Key properties on streamed messages:

msg.text_delta — current text chunk (for live display)
msg.text — full accumulated text
msg.tool_calls — list of ToolCallPart on assistant messages
msg.output — validated Pydantic instance (when using output_type)
msg.get_hook_part() — find a hook suspension part

Serialize: msg.model_dump(). Restore: ai.messages.Message.model_validate(data).

Streaming tools

A regular @ai.tool returns the tool result directly. An async-generator tool yields intermediate values that stream to the consumer as ai.events.PartialToolCallResult events; an aggregator decides what the model sees as the final result.

Declare the aggregator via the return-type annotation:

@ai.tool
async def fetch(url: str) -> ai.StreamingStatusTool[str]:
    yield "connecting..."
    yield "downloading..."
    yield body              # last yield = tool result; earlier yields = status

@ai.tool
async def render(prompt: str) -> ai.StreamingTextTool:
    async for chunk in stream:
        yield chunk         # all chunks concatenated into the tool result

@ai.tool
async def research(topic: str) -> ai.SubAgentTool:
    sub = ai.agent(tools=[...])
    async for event in sub.run(model, msgs):
        yield event         # final assistant text becomes the tool result

These aliases expand to Annotated[AsyncGenerator[T], ai.Aggregate(Aggregator)]. For a parameterized aggregator, write the marker directly:

type Joined = Annotated[AsyncGenerator[str], ai.Aggregate(ai.ConcatAggregator, delim="\n")]

Or pass the factory as a keyword argument: @ai.tool(aggregator=ai.LastAggregator). Specifying both an annotation marker and the kwarg raises TypeError.

Built-in aggregators: ai.ConcatAggregator, ai.LastAggregator, ai.MessageAggregator. Subclass ai.SimpleAggregator[Item, Result] (in/out same type) or ai.events.Aggregator[Item, Result, ModelResult] (separate model output) for custom ones.

Custom agent loops

Override the default loop when you need approval gates, routing, or batching.

The loop yields AgentEvents for the consumer and updates history with context.add(message). Anything not added to context.messages won't be visible on the next turn.

Concurrent form — fan tools out as the model emits them, mirrors the default loop.

my_agent = ai.agent(tools=[get_weather, get_population])

@my_agent.loop
async def custom(context: ai.Context):
    while context.keep_running():
        async with (
            ai.stream(
                context.model, context.messages, tools=context.tools
            ) as s,
            ai.ToolRunner(s) as tr,
        ):
            async for event in ai.util.merge(s, tr.events()):
                yield event
                if isinstance(event, ai.events.ToolEnd):
                    tr.schedule(context.resolve(event.tool_call))

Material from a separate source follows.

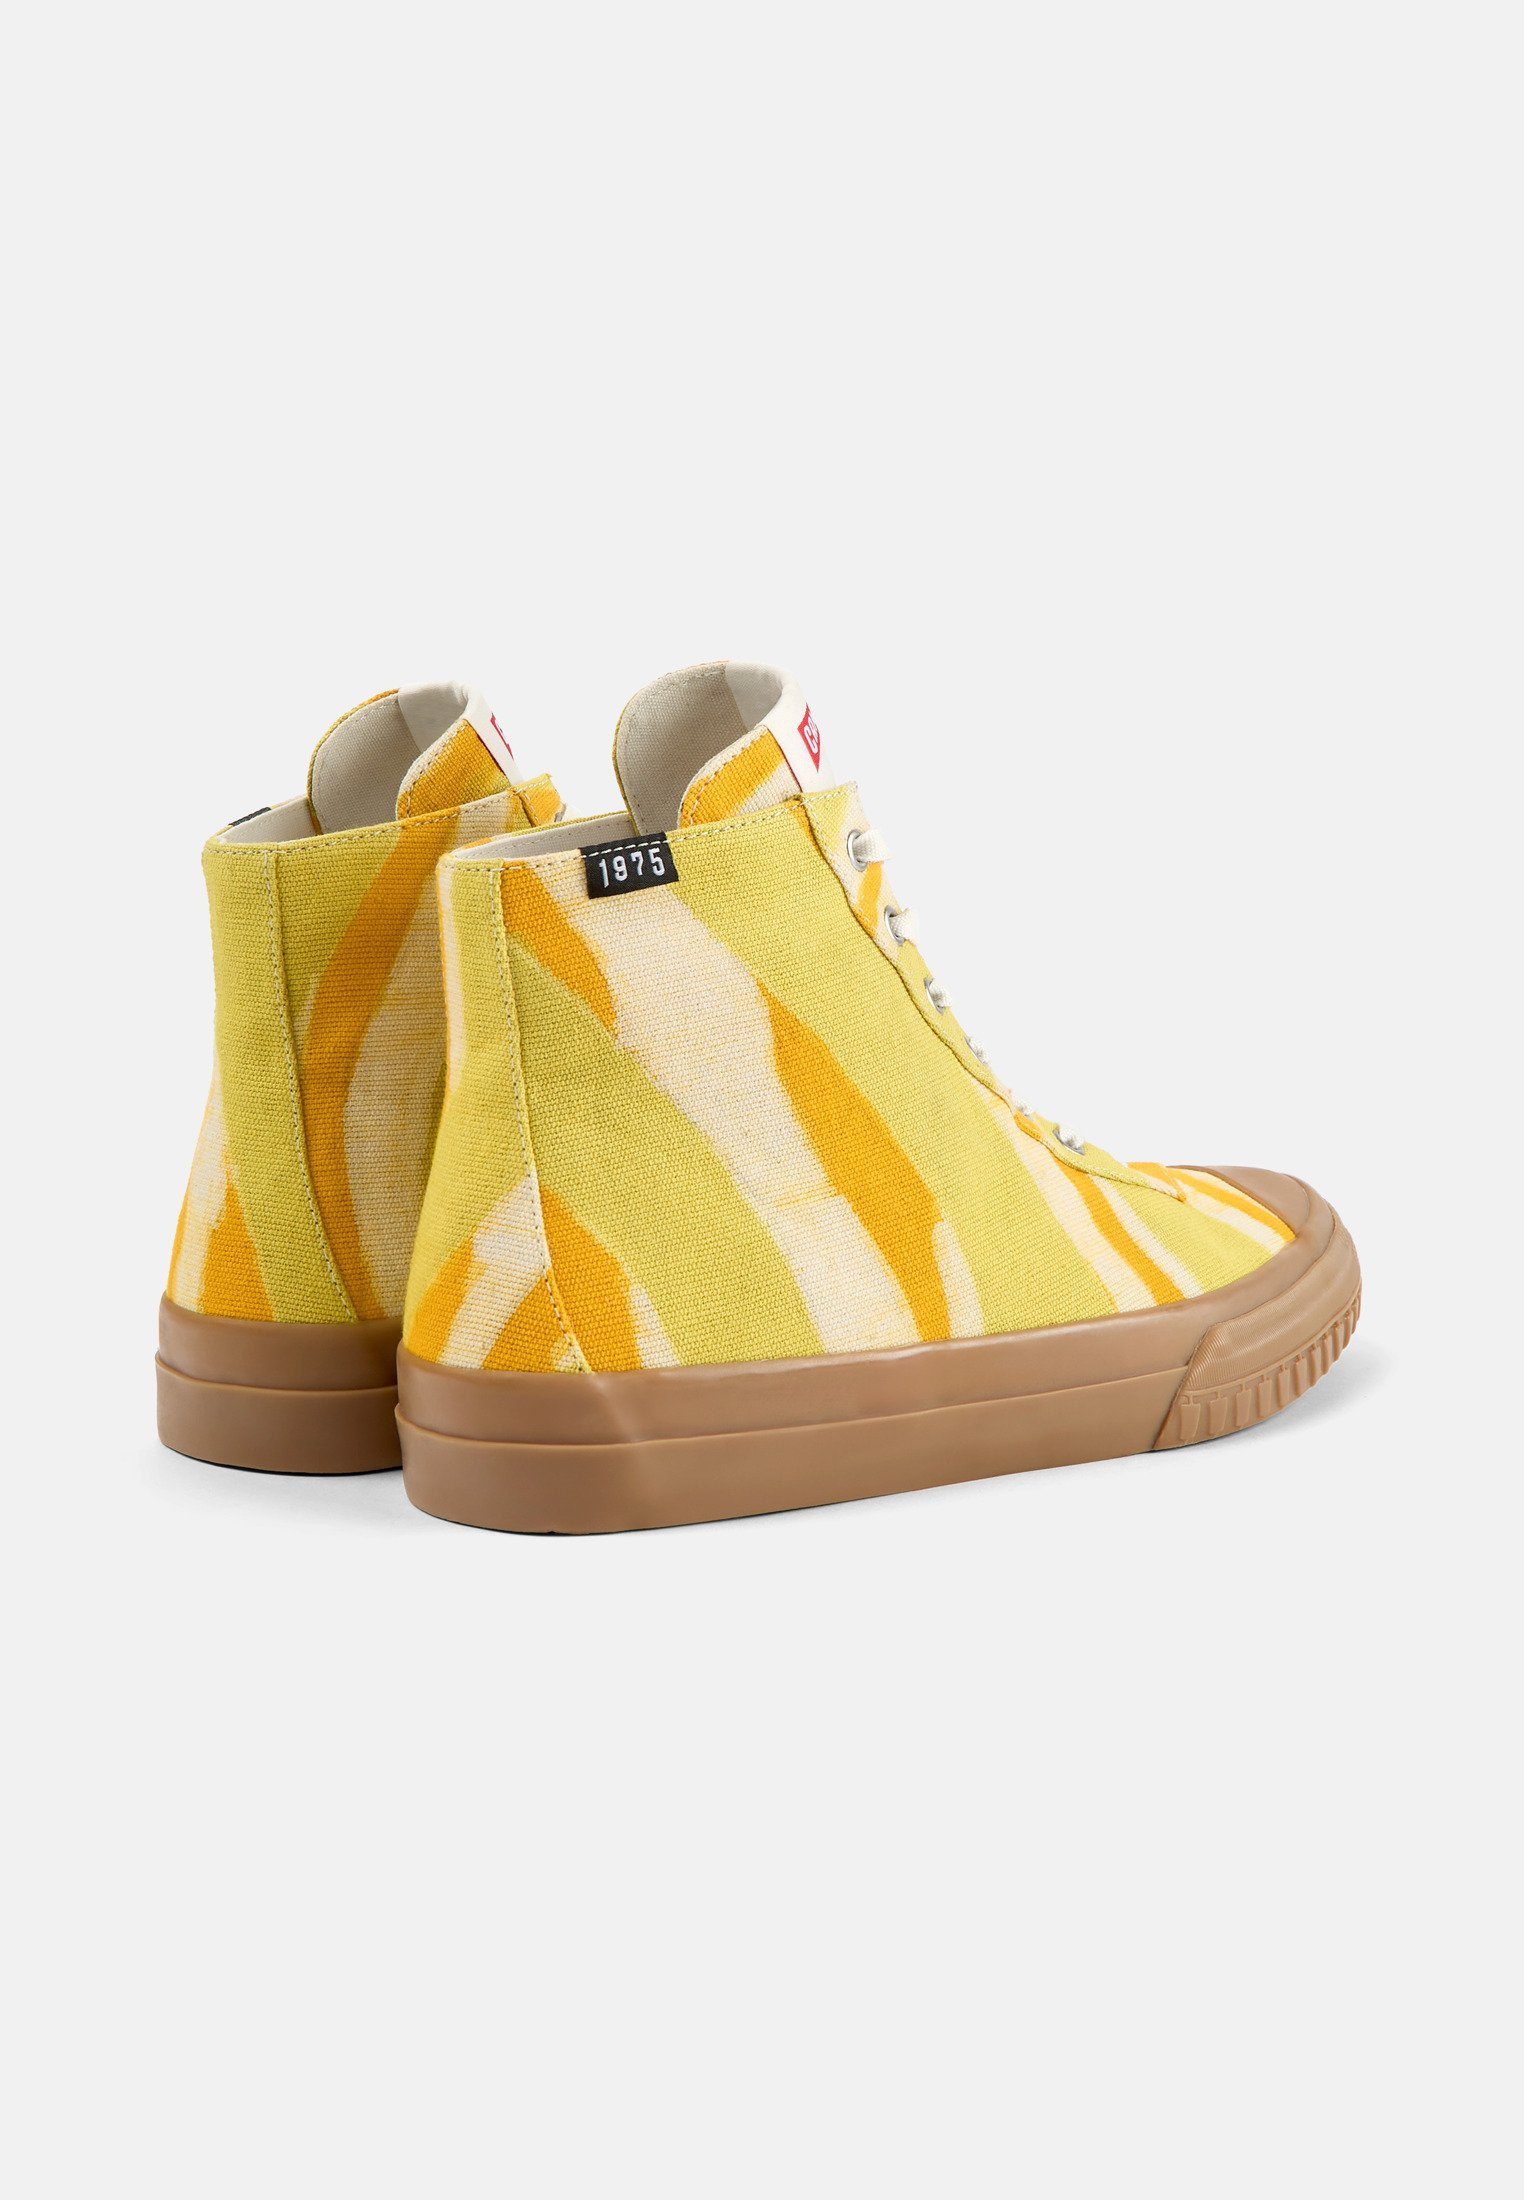 / Weiss CAMALEON / 1975 Orange Gelb Sneaker Camper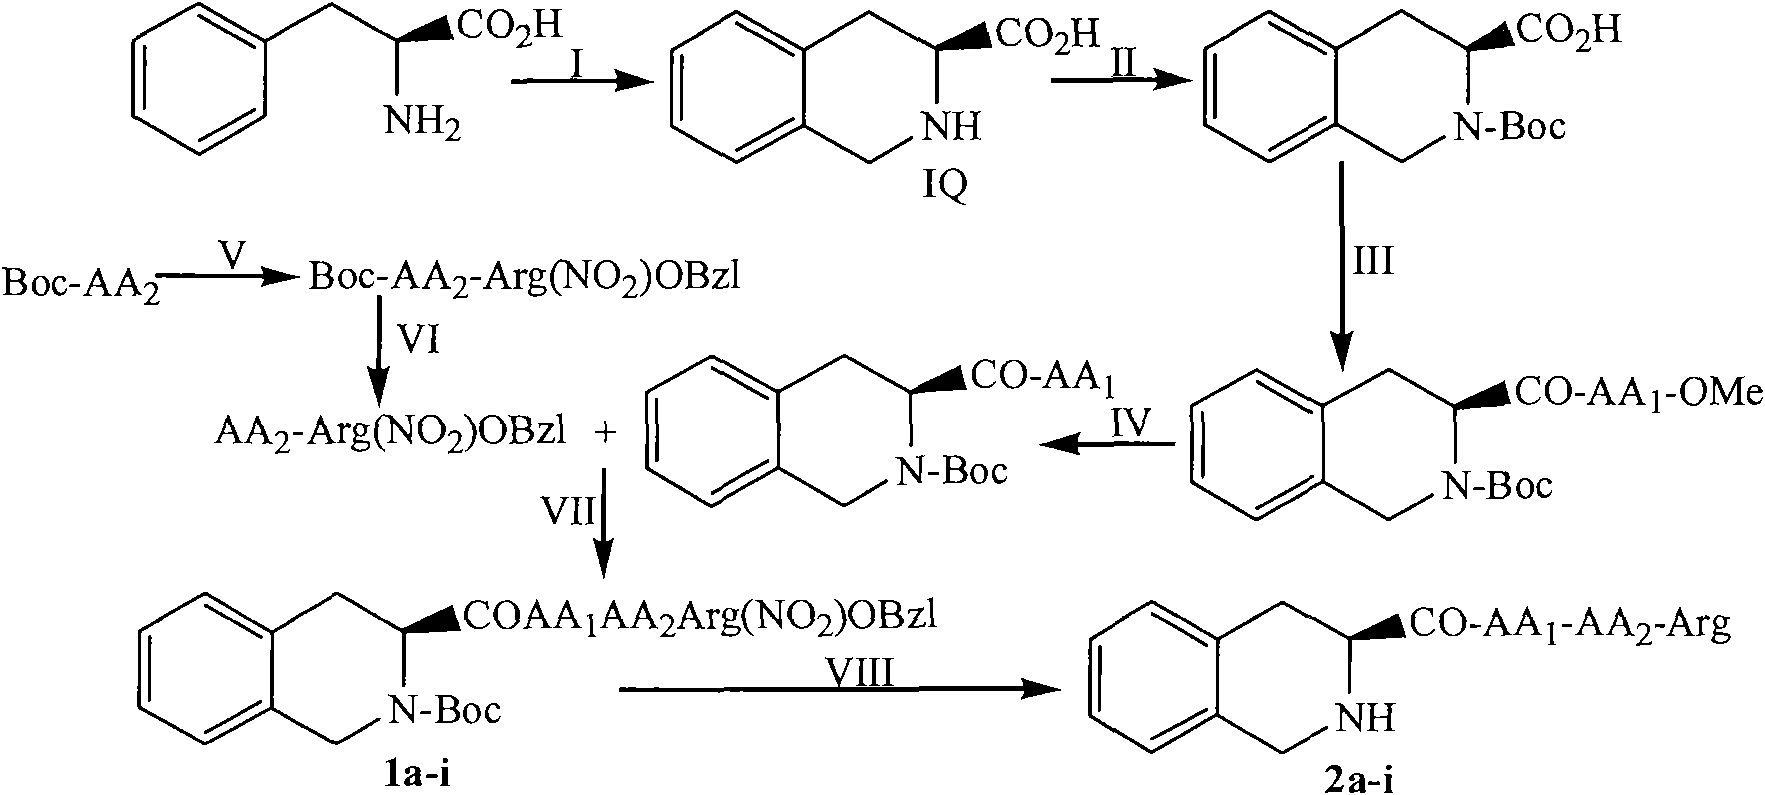 (3S)-1,2,3,4-tetrahydroisoquinoline-3-carboxylic acid kyrine conjugate, preparation method and application thereof

            context.add(s.message)
            context.add(tr.get_tool_message())

Sequential form — drain the stream, then run tools. Simpler when you need to gate tool calls before executing them:

@my_agent.loop
async def custom(context: ai.Context):
    while True:
        s = ai.stream(
            context.model, context.messages, tools=context.tools
        )
        async for event in s:
            yield event
        context.add(s.message)

        tool_calls = context.resolve(s.tool_calls)
        if not tool_calls:
            return

        async with asyncio.TaskGroup() as tg:
            tasks = [tg.create_task(tc()) for tc in tool_calls]

        context.add(ai.tool_message(*(t.result() for t in tasks)))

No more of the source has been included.